2) RETRIEVAL (RAG) DATA PLANE
- Indexing jobs are scheduled and observable (success/fail, last run time).
- Documents have stable IDs and metadata (owner, source system, updated_at).
- Chunking rules are documented (how you treat tables, code blocks, PDFs).
- Retrieval stores provenance: which source IDs were retrieved for each answer.
- You have a defined fallback when retrieval fails (refuse, ask a clarifying question, or hand off).

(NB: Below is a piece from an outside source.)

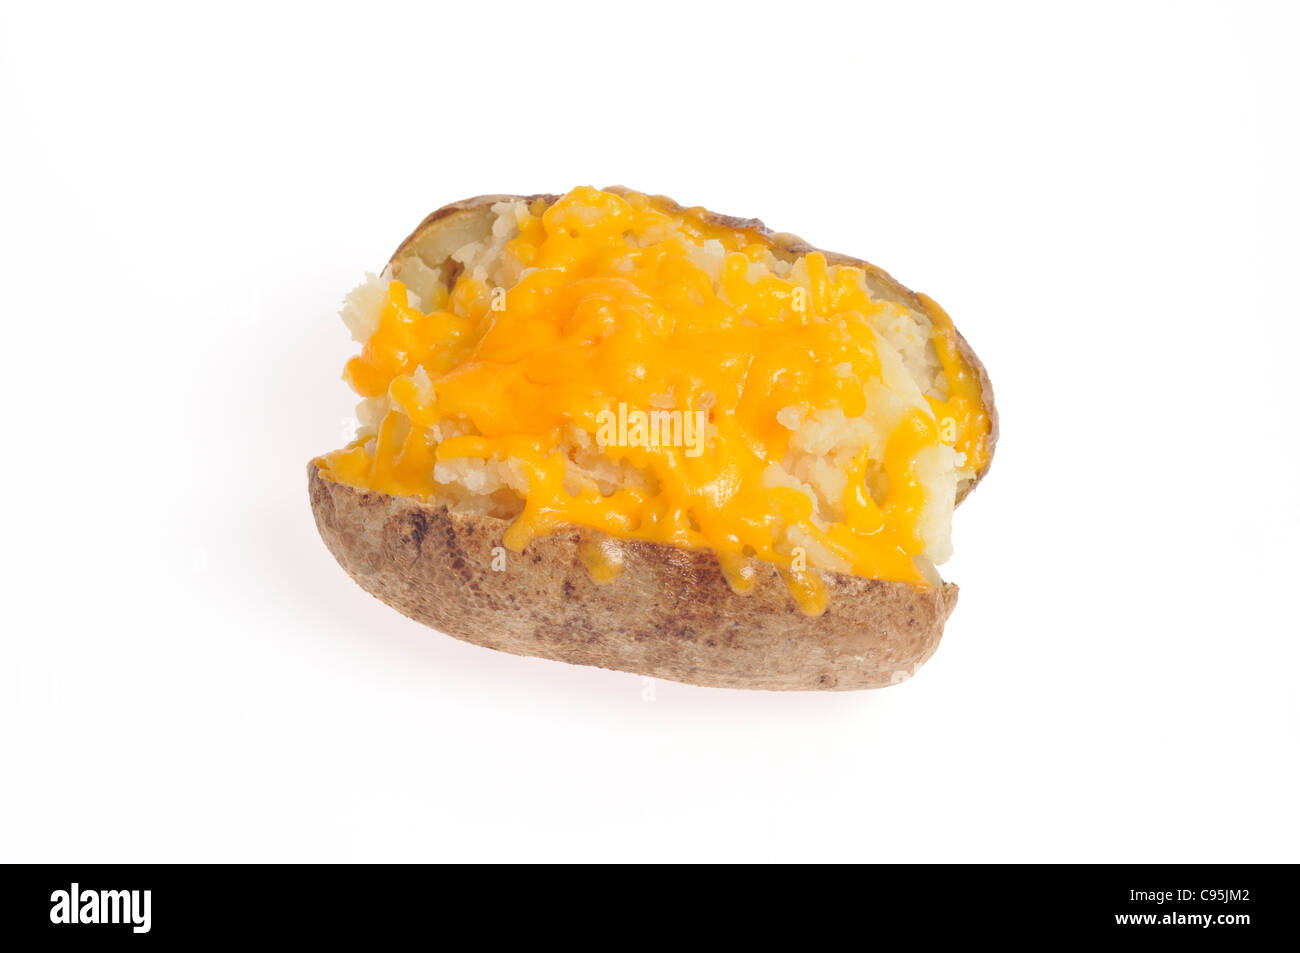 Baked potato topped with orange cheese on white background cutout. Stock Photo

3) PERMISSIONS AND TENANCY
- Retrieval enforces ACLs at query time based on user identity (not after generation).
- You have tests for cross-tenant leakage (explicit adversarial prompts included).
- Sensitive sources (HR, legal, customer PII repositories) are explicitly included/excluded by policy.

4) TOOL CALLING AND ACTION SAFETY
- Tool allowlist exists per workflow.
- Tool parameters are validated server-side (never trust the model output).
- Timeouts and retries are defined per tool.
- High-risk actions require confirmation or human approval (money movement, deletions, outbound messages).

5) OUTPUT CONSTRAINTS
- Structured outputs use schemas (JSON schema or equivalent).
- You fail closed: if schema validation fails, you retry with stricter constraints or refuse.
- Citations are required for knowledge answers; outputs without sources are treated as failures.

6) EVALUATION AND REGRESSION
- You maintain a golden set of real queries (sanitized) that represent common + worst-case behavior.
- You evaluate both retrieval (did we fetch the right sources?) and generation (did we answer correctly and safely?).
- Evals run in CI for prompt/model/retrieval changes.
- You have explicit pass/fail gates for launch and for ongoing deploys.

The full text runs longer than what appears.